Implements the TPC-H benchmark for Postgres
- The benchmark requires TPC-H dbgen:
wget -q https://github.com/electrum/tpch-dbgen/archive/32f1c1b92d1664dba542e927d23d86ffa57aa253.zip -O tpch-dbgen.zip
unzip -q tpch-dbgen.zip && mv tpch-dbgen-32f1c1b92d1664dba542e927d23d86ffa57aa253 tpch-dbgen && rm tpch-dbgen.zip
- gcc
gcc --version
- python3
python3 --version
- python requirements
pip3 install -r requirements.txt
- some running instance of Postgres, e.g. if running locally, the following command should not fail
pg_config --version
- if you want to run the database locally, please find below the commands for Ubuntu 14.04
sudo apt-get install -y postgresql postgresql-contrib
sudo -u postgres createuser tpch
sudo -u postgres createdb tpchdb
sudo -u postgres psql << PSQL
ALTER USER tpch WITH ENCRYPTED PASSWORD '********';
GRANT ALL PRIVILEGES ON DATABASE tpchdb TO tpch;
\l
\q
PSQL
these can be adjusted for your OS easily.
In case you are using a remote PostgreSQL database, make sure your connection is working and you have a valid username and password.
$ psql -h <host> -p 5432 -d <database> -U <username> -W
Password for user tpch:
psql (9.3.23)
SSL connection (cipher: DHE-RSA-AES256-GCM-SHA384, bits: 256)
Type "help" for help.
tpchdb=> \q
Also make sure that you have full rights on the target database (GRANT ALL PRIVILEGES)
There is a single python file that implements all phases of the benchmark.
usage: tpch_pgsql.py [-h] [-H HOST] [-p PORT] [-U USERNAME] [-W [PASSWORD]]
[-d DBNAME] [-i DATA_DIR] [-q QUERY_ROOT] [-g DBGEN_DIR]
[-s SCALE] [-n NUM_STREAMS] [-b] [-r]
{prepare,load,query}
tpch_pgsql
positional arguments:
{prepare,load,query} Phase of TPC-H benchmark to run.
optional arguments:
-h, --help show this help message and exit
-H HOST, --host HOST Address of host on which PostgreSQL instance runs;
default is localhost
-p PORT, --port PORT Port on which PostgreSQL instance runs; default is
5432
-U USERNAME, --username USERNAME
User for the PostgreSQL instance; default is postgres
-W [PASSWORD], --password [PASSWORD]
Password for the PostgreSQL instance; default is
test123
-d DBNAME, --dbname DBNAME
Name of the database; default is tpch
-i DATA_DIR, --data-dir DATA_DIR
Directory for generated data; default is ./data
-q QUERY_ROOT, --query-root QUERY_ROOT
Directory for query files; default is ./query_root
-g DBGEN_DIR, --dbgen-dir DBGEN_DIR
Directory containing tpch dbgen source; default is
./tpch-dbgen
-s SCALE, --scale SCALE
Size of the data generated, scale factor; default is
1.0 = 1GB
-n NUM_STREAMS, --num-streams NUM_STREAMS
Number of streams to run the throughput test with;
default is 0, i.e. based on scale factor SF
-b, --verbose Print more information to standard output
-r, --read-only Do not execute refresh functions during the query
phase, which allows for running it repeatedly
-
prepare
The prepare phase builds TPC-H dbgen and querygen and creates the load and refresh (update/delete) files. -
load
The load phase cleans the database (if required), loads the tables into the database and creates indexes for querying.
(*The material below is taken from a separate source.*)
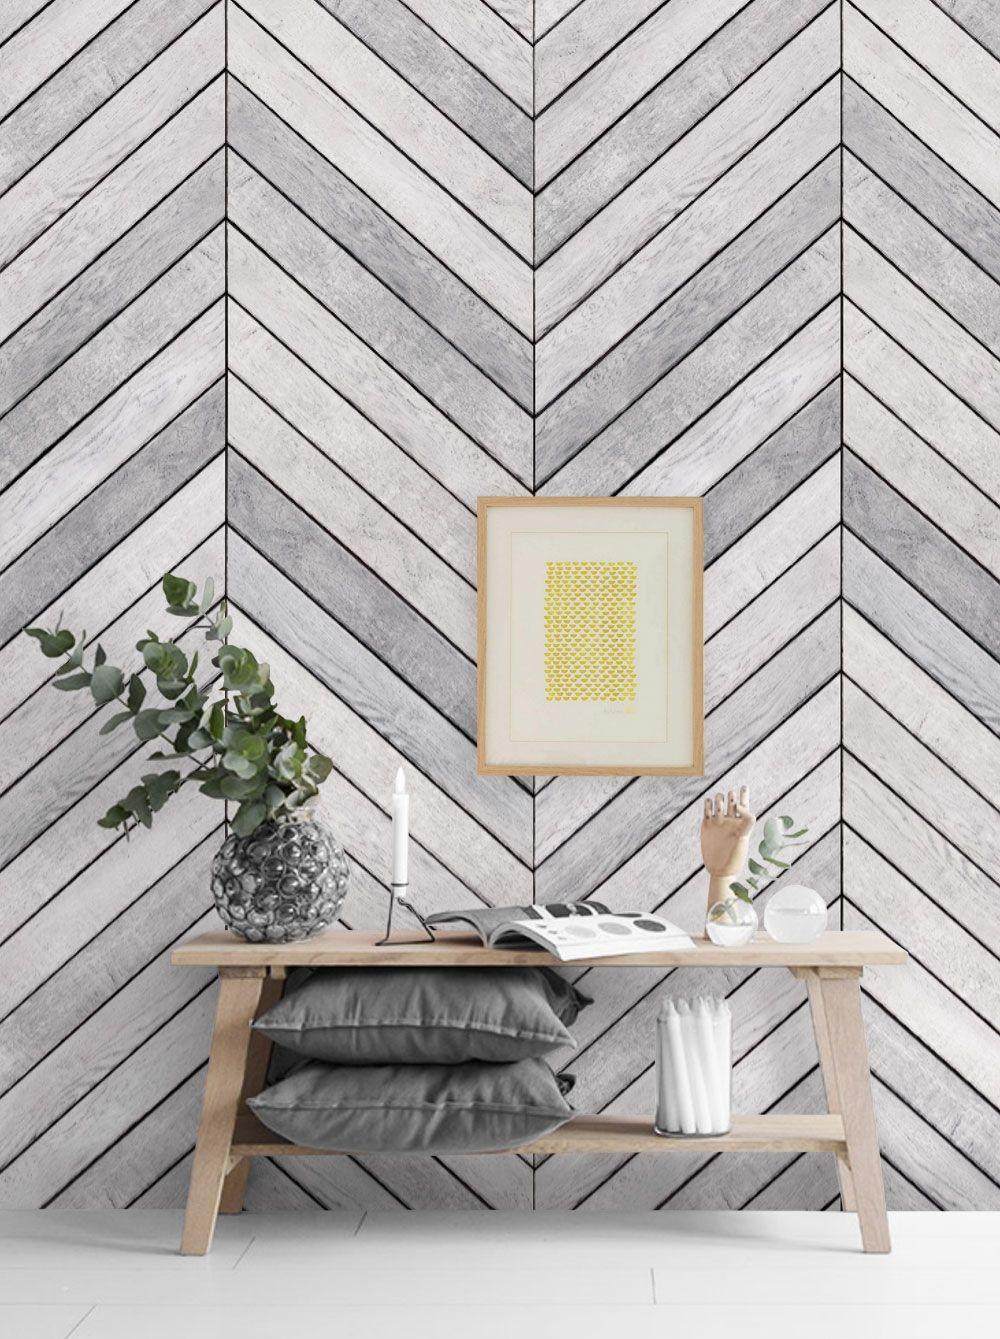 Chevron Grey White Wood Accent Mural Wall Art Wallpaper Peel And Stick Accent Wallpaper Wood Accent Wall Wall Art Wallpaper

The results for this phase consist of the following metrics:- Schema creation time
- Data loading time
- Foreign key constraint and index creation time
-
query
The query phase is the actual performance test. Ir runs twice, with a reboot. Each run consists of two parts:- Power test: This consists of sequential execution of the refresh functions and the query streams. It reports back with the execution times for:
- refresh function 1
- query execution time for the 22 TPC-H queries
- refresh function 2
- Throughput test: This consists of parallel execution of the query streams and the pairs of refresh functions
- Power test: This consists of sequential execution of the refresh functions and the query streams. It reports back with the execution times for:
The complete process for executing TPC-H tests is illustrated in the following figure:
- Sometimes the data generation phase fails due to file permission issues. In such a scenario delete the data directory and all generated
.tbl
files inside yourtpch-dbgen
directory.
- For notes on how to the TPC-H benchmark works see the paper iceis2012.
- For the TPC-H benchmark specification see this document.